第4章 恋知りの謳【謙信】
美蘭と信玄は、中庭に向かって並んで腰掛けて
約束通り月見をした。
2人の間に作られた微妙な距離。
それはそのまま、
2人の心の距離であった。
「さっきから話しているのは俺ばかりだな。今度は君が何か話して、その愛らしい声を俺に聞かせてくれないか?」
「……。」
美蘭は、黙ったまま。
その憂いを帯びた横顔に、
(泣いていたのは、謙信の所為なんだろう?)
信玄は胸を焦がした。
(今隣にいるのは俺だというのに…君は何を考えてる…?)
「…なら、君が知りたいことに1つだけ。何でも答えよう。」
「…!」
月見を始めてから、
初めて美蘭に反応があった。
「……伊勢姫という方は。どんな人ですか?」
月を見つめながら、
他の男に関わることを淡々と尋ねてくる美蘭。
『伊勢姫は…謙信の恋人だったお姫様だ。」
「…っ!」
美蘭は、深く傷ついた顏で信玄の方を向いた。
「やっとその麗しい顔を俺に向けてくれたな。」
(謙信は、ここにいないというのに君にそんな顔をさせることができるのか?)
「恋人だった……。
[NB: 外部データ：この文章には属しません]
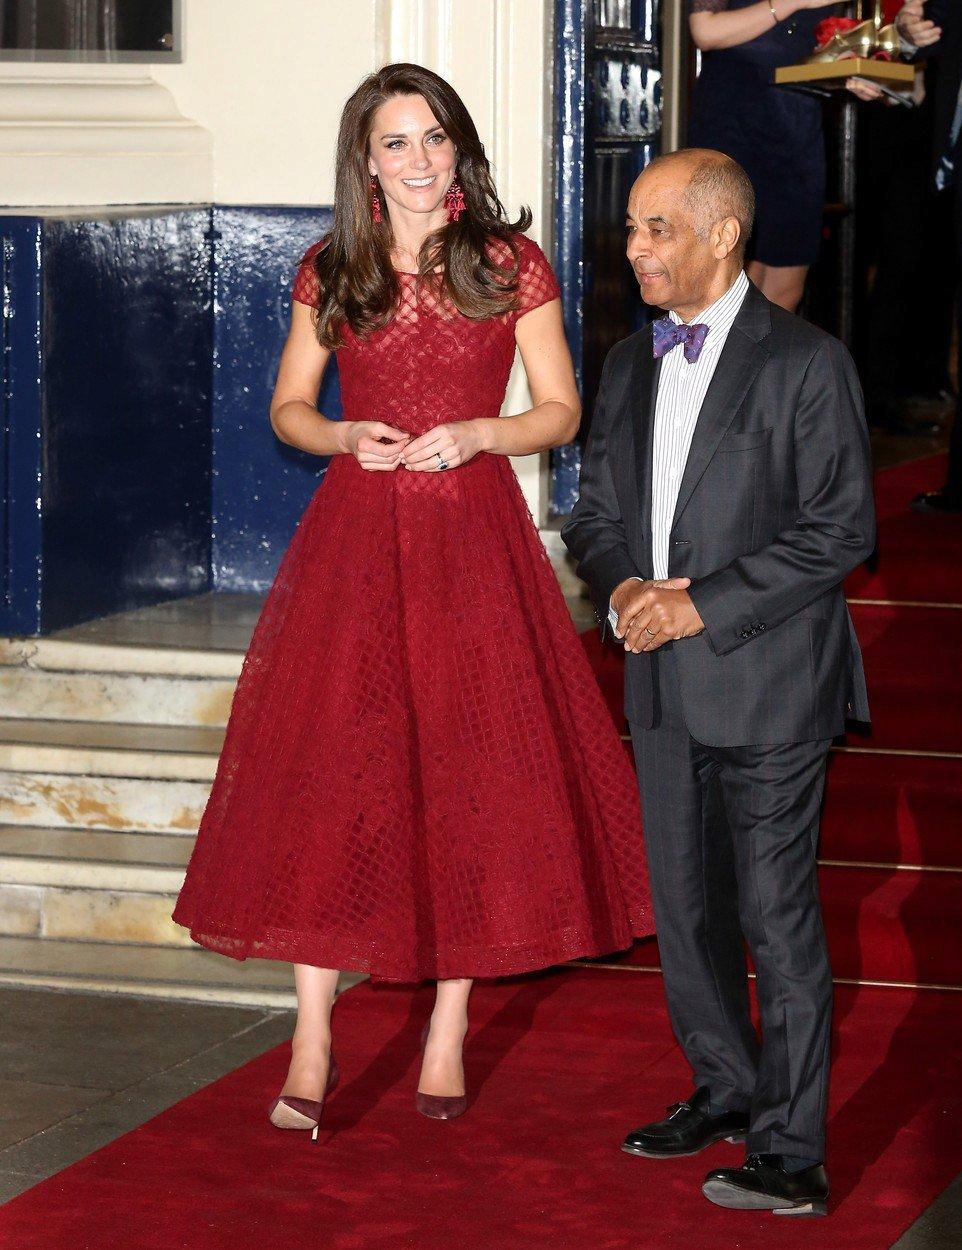 Vévodkyně Kate v šatech Marchesa Notte

過去形なんですね?」
震えながらその先を知りたがる美蘭。
「さあな。もう1つ答えたから終いだ。」
信玄のつれない返事に美蘭は詰め寄った。
「…っ!そんな……っきゃ!」
近づいた手をグイと引き寄せられ
美蘭は信玄の胸に抱き寄せられる形になった。
「やっと捕まえたぞ。俺の天女。」
「離して…っ。」
「もっと詳しく知りたいかい?」
「……。」
不本意だろう自分の腕の中でさえ、
謙信のこととなると無防備になる美蘭。
信玄は、謙信に嫉妬した。
「君の全てを晒してくれるなら…この俺に裸を見せてくれるなら…謙信と伊勢姫のことを、俺も全て君に教えよう。」
信玄は、
できるわけのない取引を持ちかけた。
謙信に関わる美蘭の願いを、
とにかく叶えたくなかったのだ。
「……約束してくれますか。」
「…何を…」
「見るだけで…決して触れないと。」
「……っ!」
信玄は、
美蘭の覚悟に驚いたと同時に
愛しい女の肌を見れるかも知れない事態に、固唾を飲んだ。